I read an article somewhere recently about the importance of giving your child 10 minutes of undivided attention each day. My first thought was that 10 minutes does’t seem like much! I’m at home with my two boys during the day (except when my older son is in preschool part-time), so that means that I must give them my undivided attention all day, every day, right? Upon closer examination. this could not be further from the truth.
Here’s a peek into my day and you will see how my attention becomes diverted from its intended course:
5:30 AM- My little babe wakes up for his morning feeding. I’m groggy from staying up late watching Netflix so I scroll Facebook to stay awake while nursing. Not off to a great start with the undivided attention! It’s early, though, so plenty of time to be a super attentive mom later.
7 AM- My preschooler comes into my room to wake me up, as I have fallen asleep again after feeding my little babe. Darn. I meant to get up after the early-morning feeding to exercise and throw in a load of laundry. No more late Netflix nights for me! My preschooler drags a huge tub of cars onto my bed and starts jumping up and down. “Will you play with me?” I yawn and tell him yes, but I need to get coffee first. I wander off to make coffee. Strike two with the undivided attention!

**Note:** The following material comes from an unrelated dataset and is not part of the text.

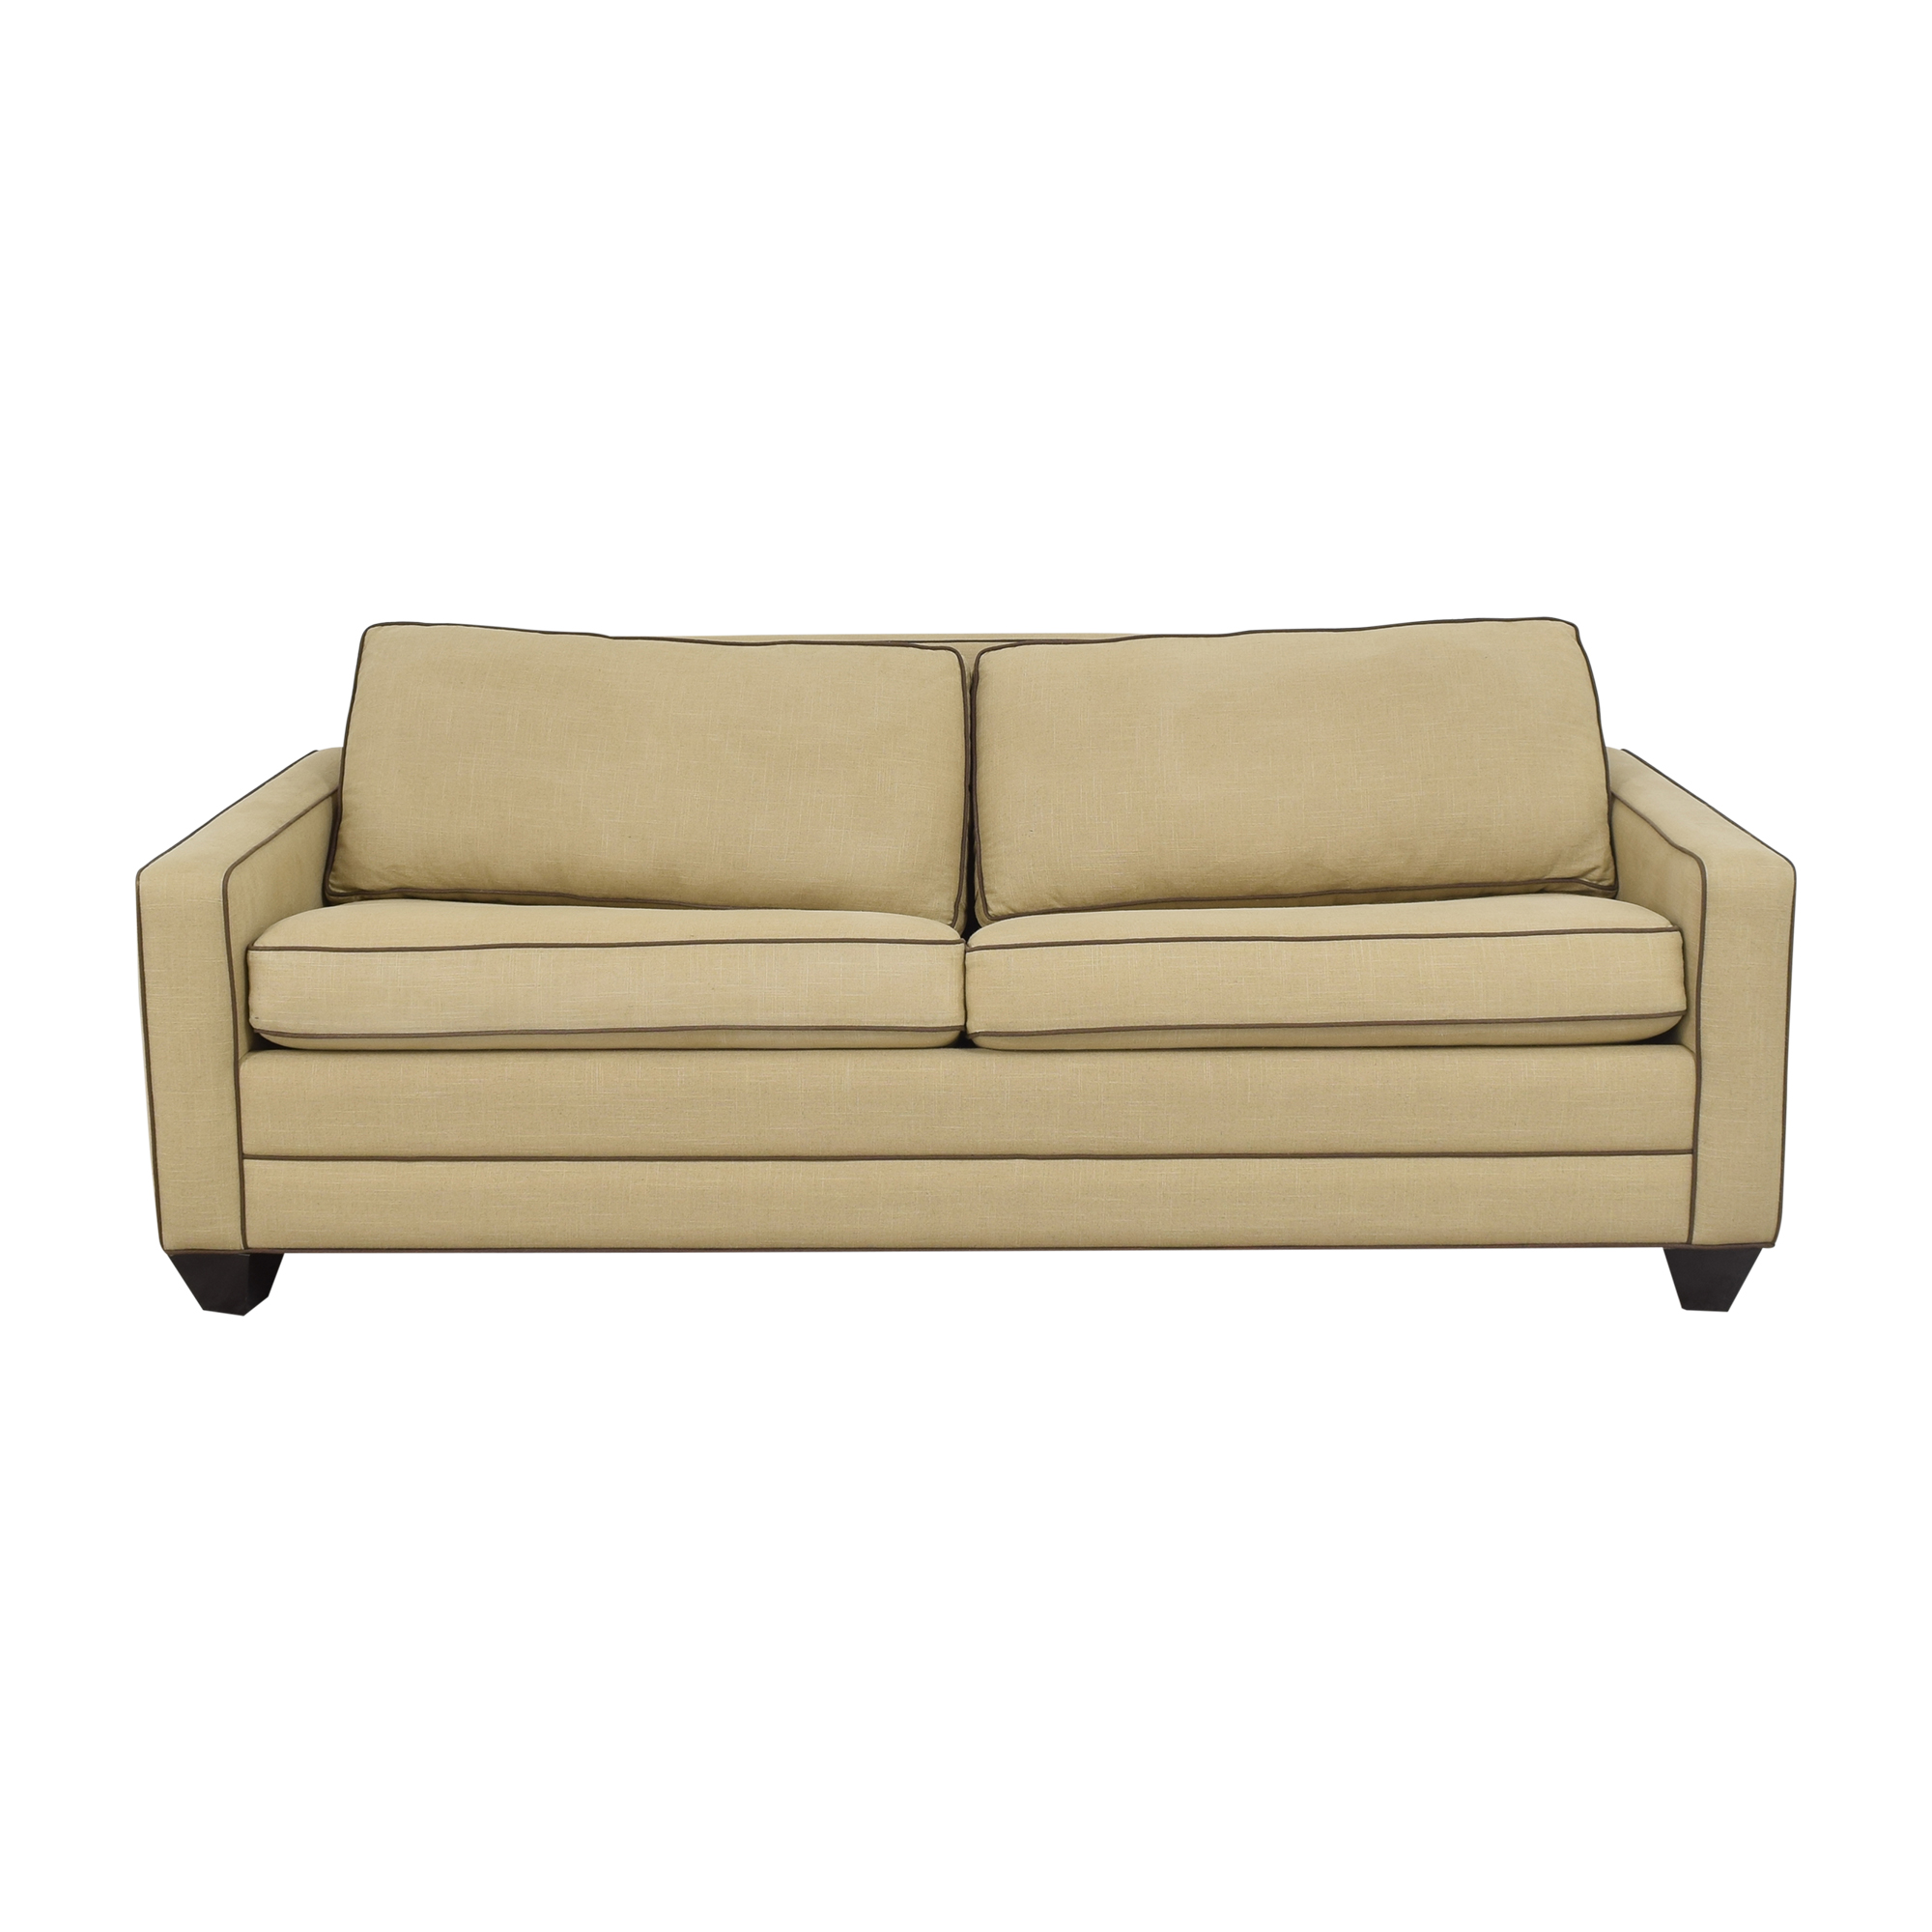 Carlyle Custom Sleeper Sofa / Sofa Beds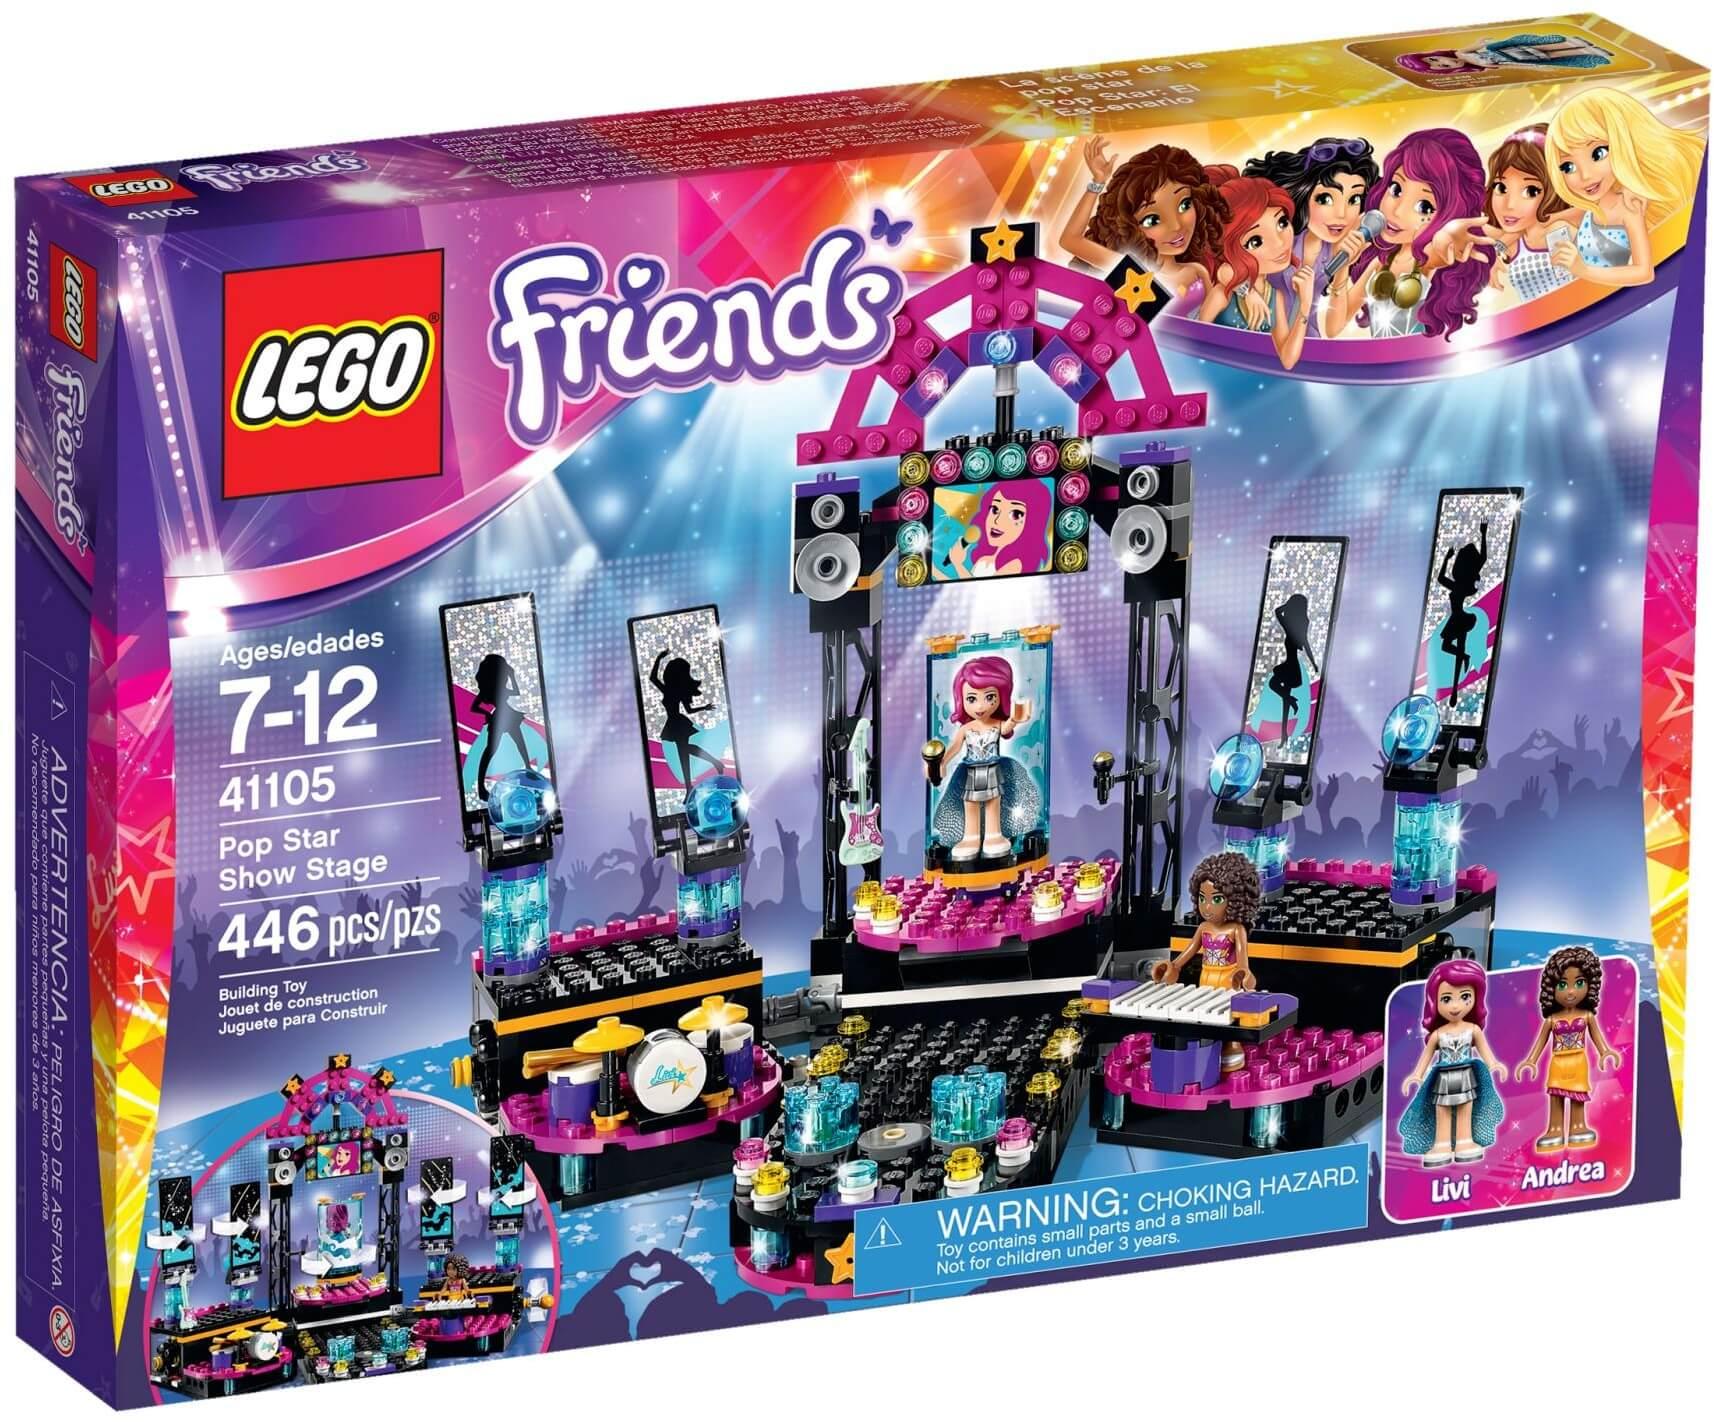 Mua đồ chơi LEGO 41105 - LEGO Friends 41105 - Sân Khấu Của Siêu Sao (LEGO Friends Pop Star Show Stage 41105)

7:30 AM- Caffeine is kicking in and I make breakfast for my older son. He asks to watch Daniel Tiger’s Neighborhood while he is eating. I know I should turn off the TV and sit down with him at the table to talk about his upcoming day, but I keep thinking about the overflowing laundry that I should tackle and the dishes I need to put away. My phone buzzes. Could that be an email indicating my zulily package is on the way?? Attention derailed yet again.
I realized that by failing to fully connect with my boys, I was failing to be an effective parent. That was tough to admit, but I knew it was true. The increased tantrums and whining from my 3-year-old were proof that he was feeling disconnected from me. I made a commitment to spend a minimum of 10 uninterrupted, consecutive minutes playing with my older son each day while the baby was napping. The first day, my little babe went down for his nap and I saw my preschooler playing cars. This was my chance. I sat down on the floor with him and did my best Mater voice while he raced around with his Lighting McQueen car. He had a huge smile on his face and I forgot about my messy kitchen and unwashed towels.
To clarify, I am in no way saying that you should only spend 10 minutes each day connecting with your children or that learning to play independently isn’t important. I’m simply advocating for making a more conscious effort to engage and connect with them one-on-one daily. In our house, that could mean sitting down on the floor to play cars, reading a few favorite books together, or simply talking about the events of the day while tucking him into bed. Most of the time I let my son take the lead as I participate in the activity of his choosing, within reason. I’ve noticed my preschooler often seems more content and less prone to tantrums when I ensure that we have some distraction-free playtime each day.
While it’s true that our days become hectic with preschool, play dates, music class, messy kitchens, t-ball, strange objects found in the dryer, lost hot wheels cars, and potty accidents, I know that giving my preschooler (and my younger son as he grows) at least 10 minutes of my undivided attention each day will help us reconnect and form a closer relationship.